Faecal Incontinence affects men and women of all age groups and with a reported incidence rate averaging 2% of the adult population of the recognised western world progressing upto 7% of healthy independent adults over the age of 65 years.

Often described as a common distressing condition, faecal incontinence can have a devastating impact upon an individual's quality of life. Biosil's Prosthetic Anal Sphincter (PAS) has been developed over a period of 10 years and is based on studies of the normal function of the anal sphincter and pelvic floor, to manage the condition of faecal incontinence. The performance of the PAS device was assessed in a mixed-sex human clinical investigation study which concluded that the device was successful in achieving/restoring continence without causing damage to the bowel.

Description of the PAS device

The PAS device is an inflatable, fluid filled, silicone device which is designed for the management of severe faecal incontinence in adult men and women. It is implanted entirely within the body. The device functions by gently flattening and angulating the bowel, thereby simulating the normal function of the anal sphincter muscles as illustrated below.

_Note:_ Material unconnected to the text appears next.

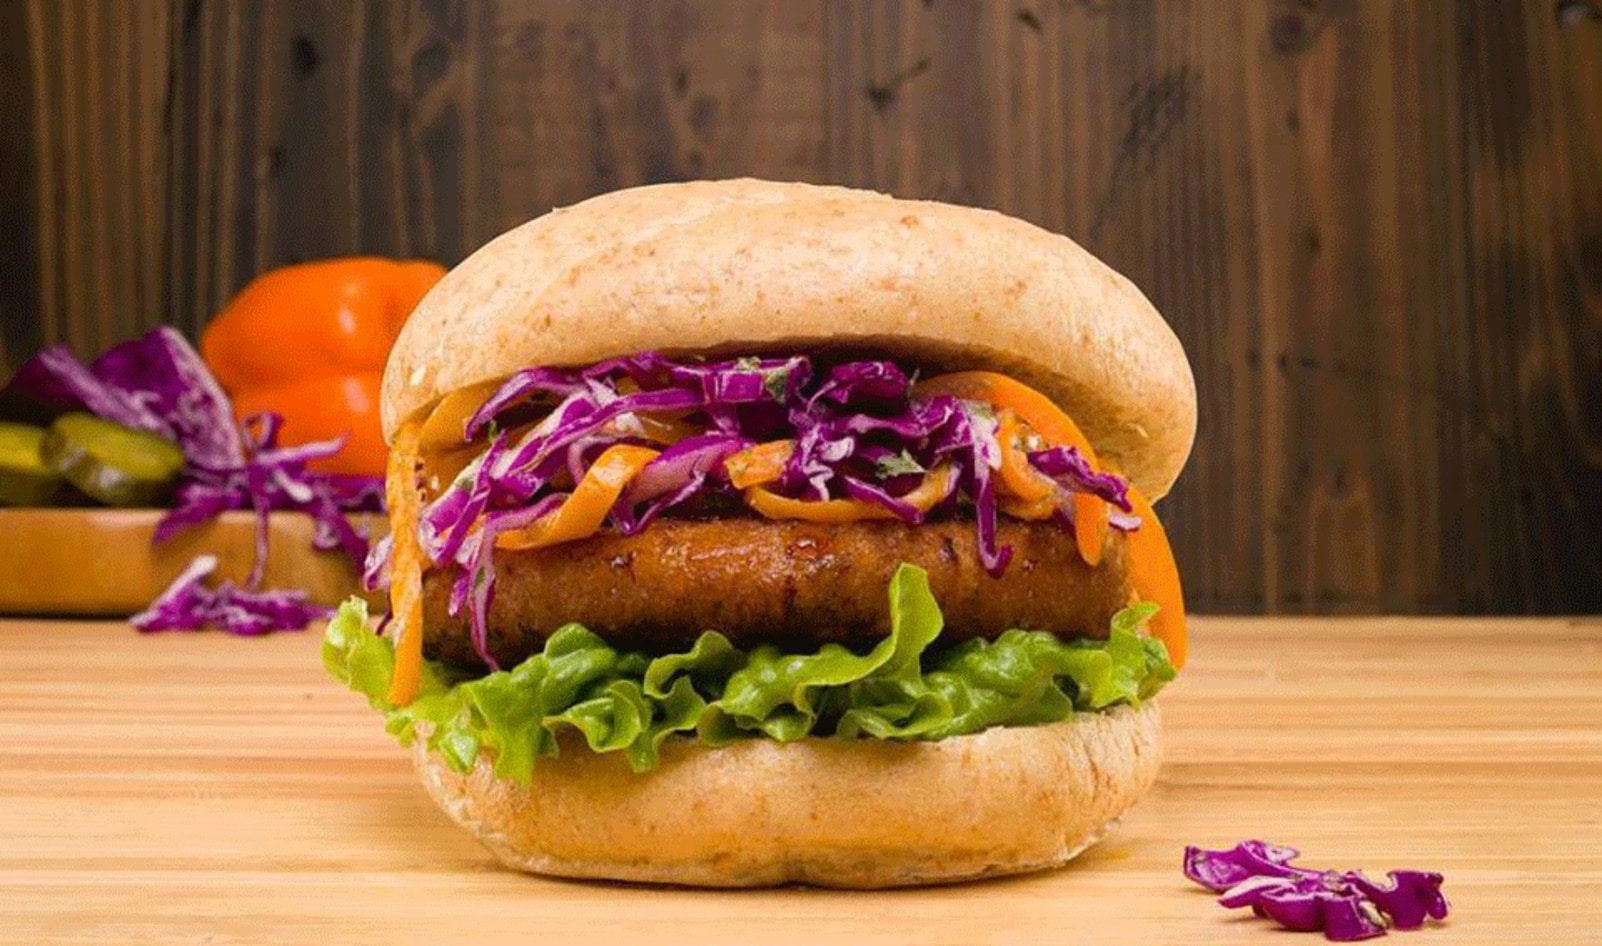 Meat Company Acquires Vegan Brand Before the Butcher

PAS device function - Open PAS device function - Closed

The PAS device is composed of 3 main parts described below. Each of the parts are joined together by tubing that allows the flow of saline (salt water) solution between each part:

The Sphincter Cuff is implanted around the anal canal where the rectum joins the anus. It is composed of a soft cushioning pillow filled with cohesive silicone gel which is attached by fixation straps to an inflatable expander. When the inflatable expander is filled with saline, it gently compresses the bowel whilst the soft cushioning pillow protects the area of the bowel which is being compressed, and continence is maintained.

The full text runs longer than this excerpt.